On 03/09/2015 05:03 PM, Kees Cook wrote:
> On Mon, Mar 9, 2015 at 4:43 PM, Eric W. Biederman <ebiederm@...ssion.com> wrote:
>> A 1 to 1 blinding function like integer multiplication mudulo 2^32 by an
>> appropriate random number ought to keep from revealing page numbers or
>> page ajacencies while not requiring any changes in userspace.
>>
>> That way the revealed pfn and the physcial pfn would be different but
>> you could still use pagemap for it's intended purpose.
> 
> If this could be done in a way where it was sufficiently hard to
> expose the random number, we should absolutely do this.
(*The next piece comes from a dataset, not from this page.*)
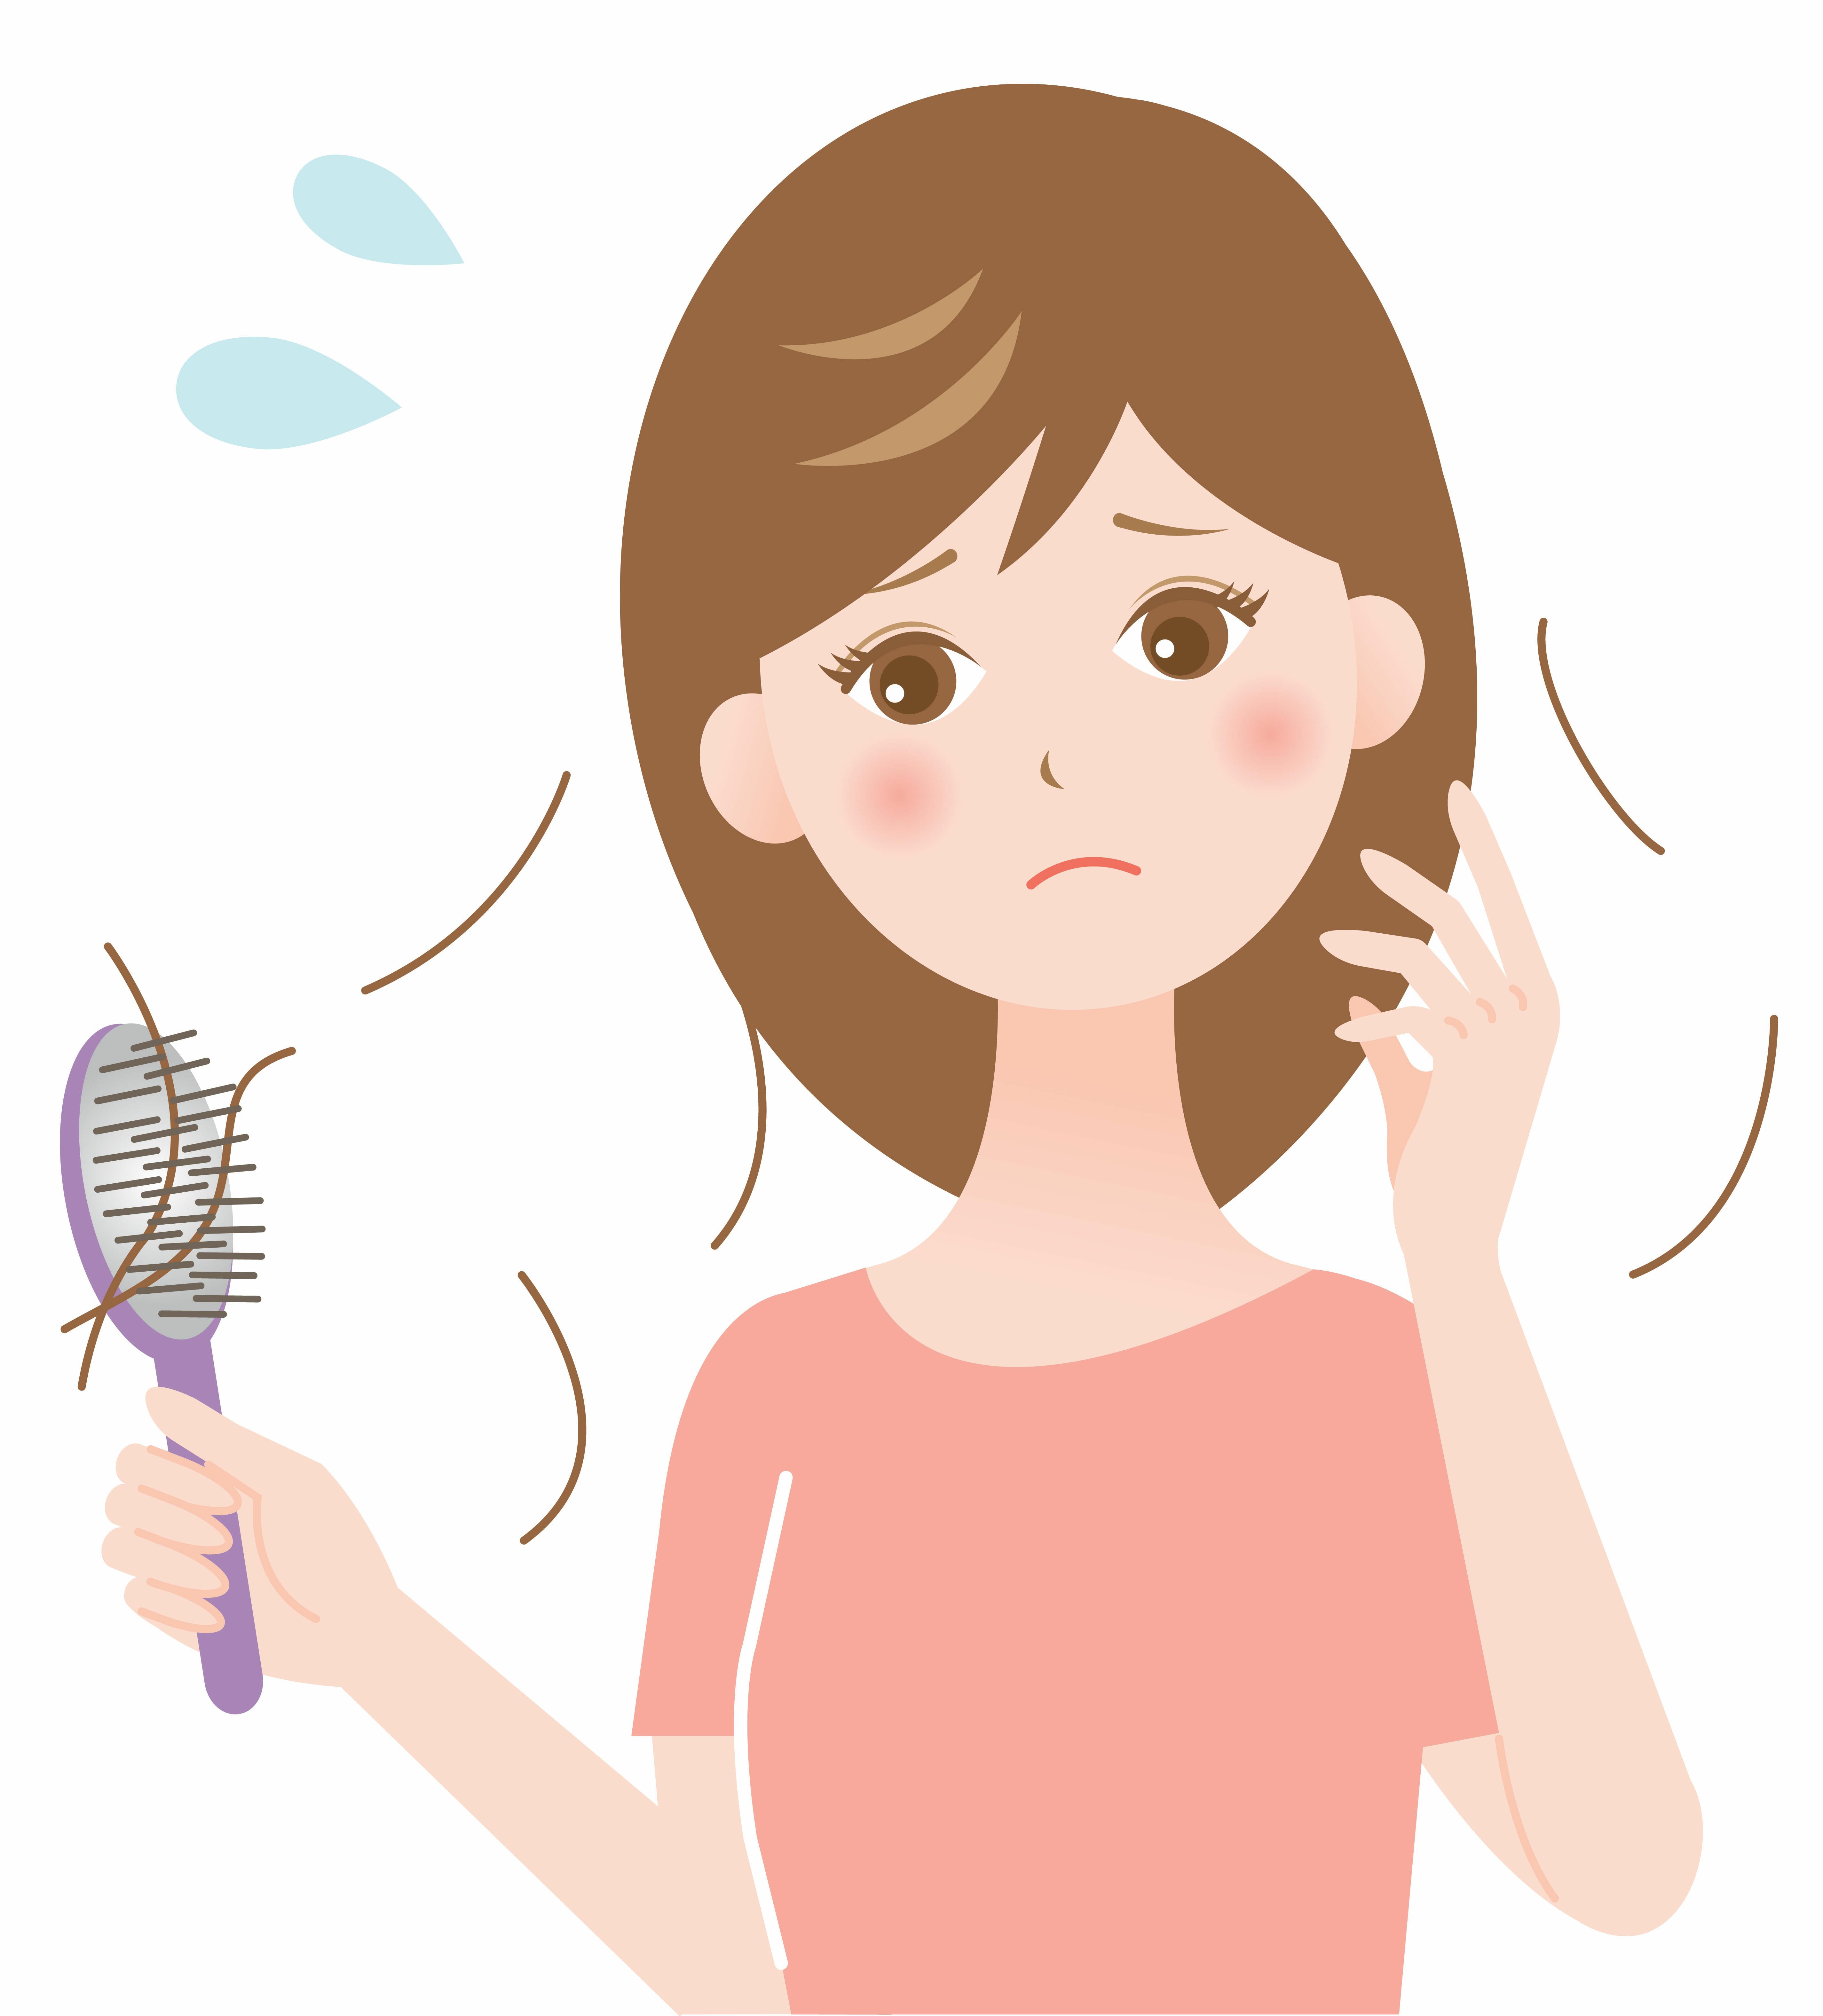 Na rysunku przedstawiona jest smutna kobieta, której podczas szczotkowania wypadają włosy
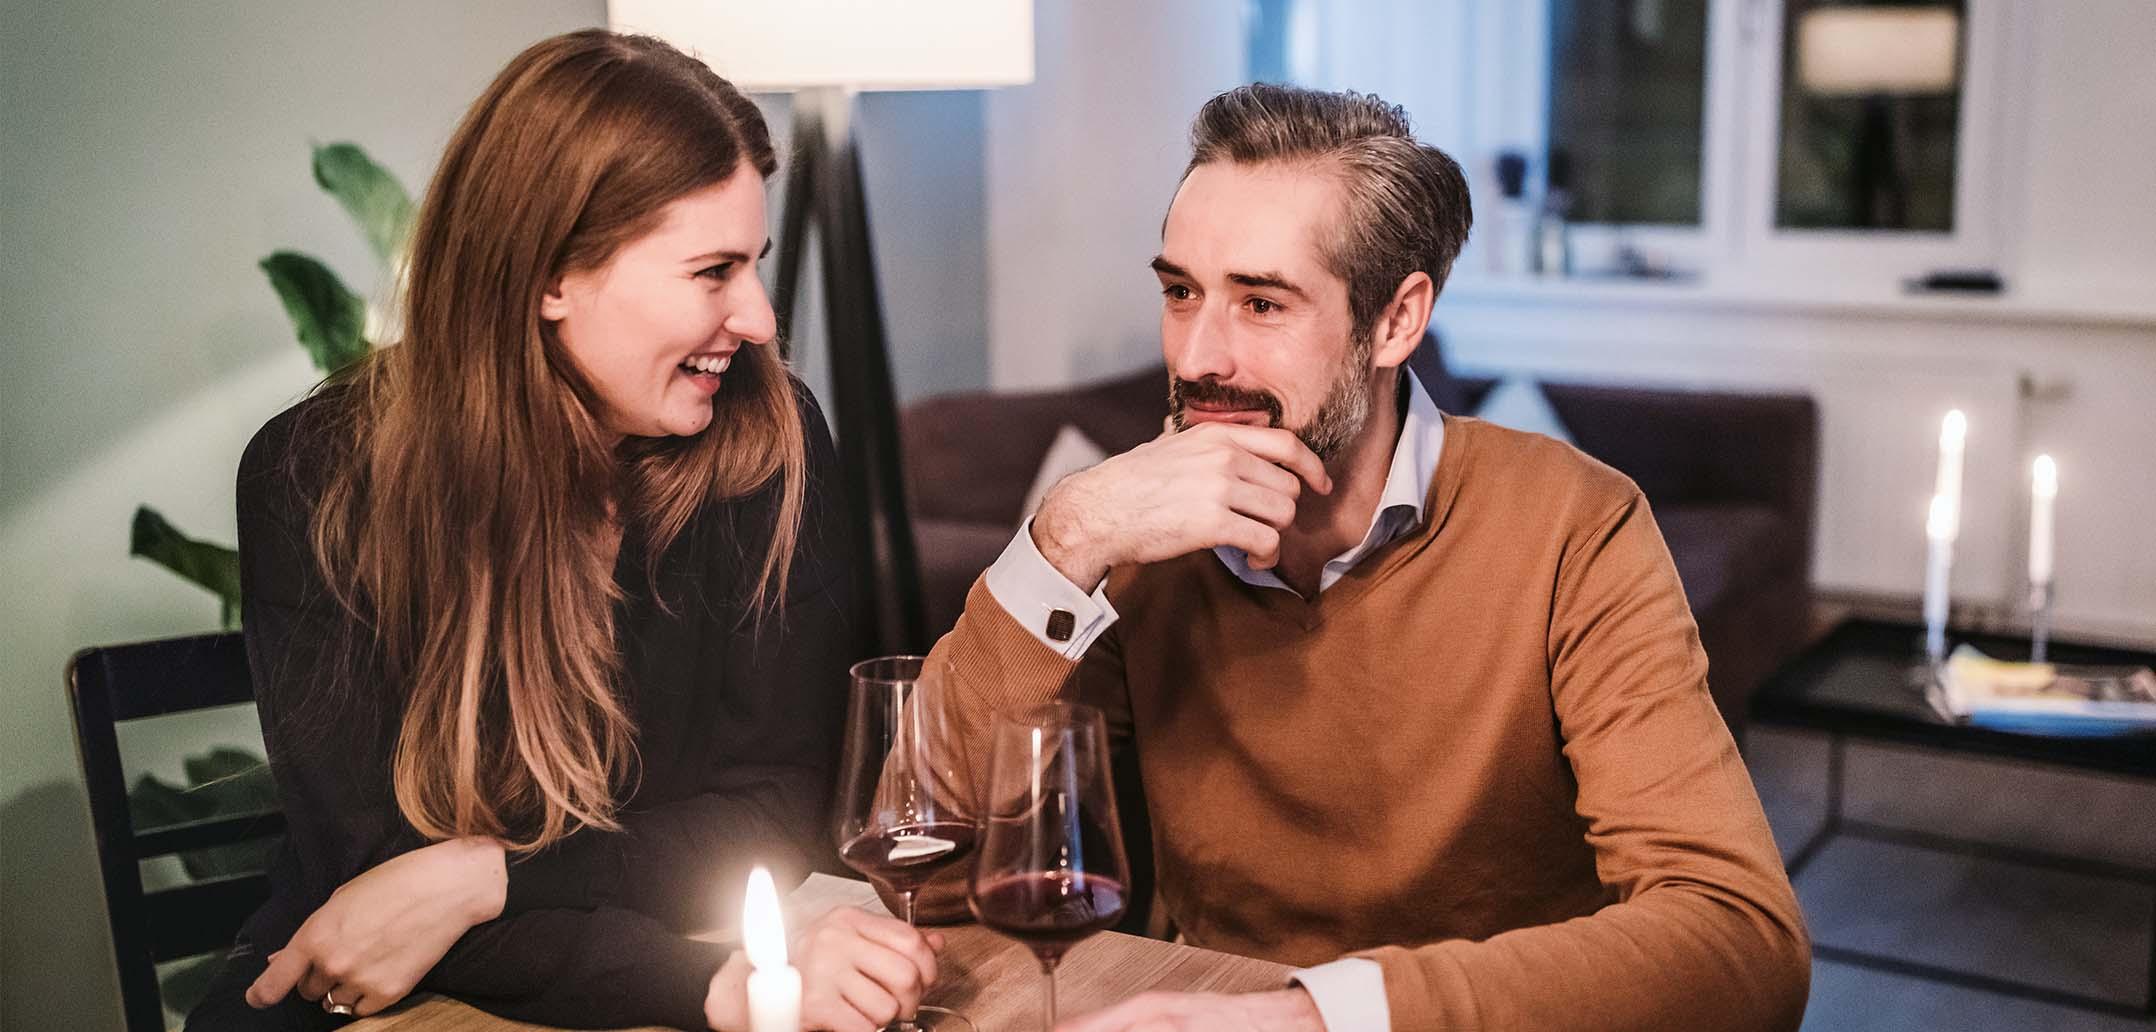 Zeit zu zweit ist immens wichtig für eine glückliche Beziehung

We would need something which is both reversible (so that the given
offsets can still be used in /proc/kpagemap) and also hard to do a
known-plaintext-type attack on it.

Transparent huge pages are a place where userspace knows the
relationship between 512 adjacent physical addresses.  That represents a
good chunk of known data.  Surely there are more of these kinds of things.

Right now, for instance, the ways in which a series of sequential
allocations come out of the page allocator are fairly deterministic.  We
would also need to do some kind of allocator randomization to ensure
that userspace couldn't make good guesses about the physical addresses
of things coming out of the allocator.